As Wall Street works its way through about 150 earnings releases this week the overall picture emerging is still one of flourishing demand and a strong economy confirmed by the likes of Tesla and Microsoft which is now on its way to reach a market cap of $1 trillion. Yet nerves remain fragile after the sharp stock market losses in the last few weeks with every imperfect tealeaf read as a harbinger of doom. US futures are already indicating a lower start to the day based on Amazon’s results late Thursday. It is not that the company reported a decrease in income – on the contrary, profits were at a record high – but its sales nudged lower and more importantly its expectations for the all-important fourth quarter holiday shopping period came in a touch below consensus forecasts.

IAG balances out higher fuel costs with higher ticket prices

Surprising with good results in a sector that has been struggling this year British Airways’ parent company IAG reported an 11% increase in net profits and went on to lead the FTSE risers as its shares jumped 2.32% higher.

An increase in oil prices has hit airlines hard this year as did higher labour costs and budget airlines in particular have been struggling with profits as their margins are too thin to absorb these types of fluctuations.
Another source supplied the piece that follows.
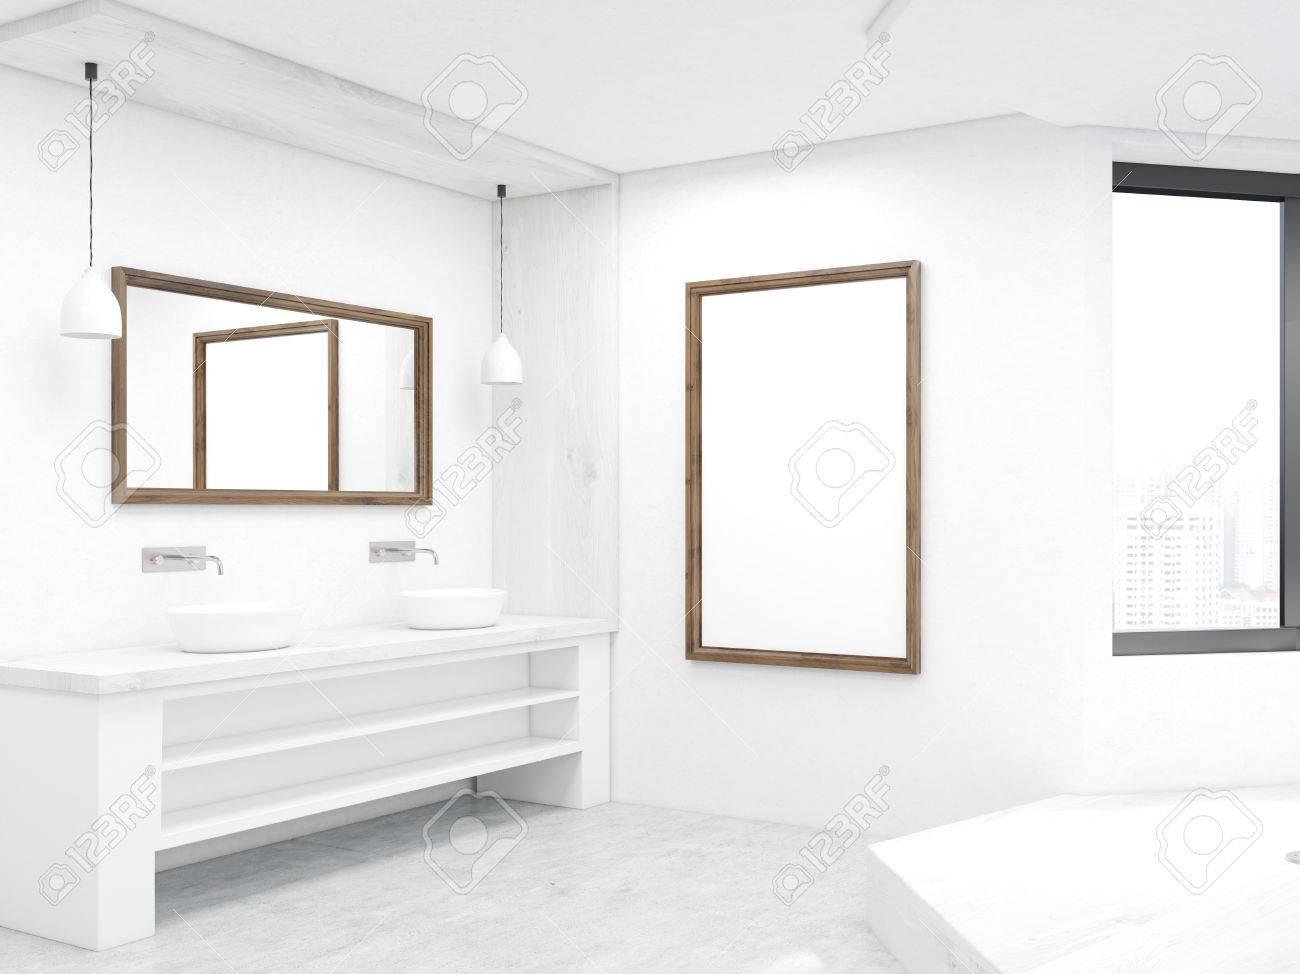 Cuarto De Baño De Esquina Con Dos Fregaderos, Podio, Espejos Y ...

But bigger carriers like IAG are in a better position to handle the headwinds of rising costs not only with higher ticket prices but also hedging their oil exposure, which IAG did, managing to balance out a 13% increase in its fuel expenses.

China’s currency weakens

China’s yuan weakened Friday to the lowest level since the financial crisis as the Sino-US trade dispute started taking its toll against a background of a slight slowdown in the country’s economic growth. The US has been pointing the finger at China for using its currency to counterbalance the effects of the trade tariff war and has made the strength of the yuan part of official trade tariff discussions, but the decline could have more to do with the overall state of the Chinese economy than be the fault of frictions with the US.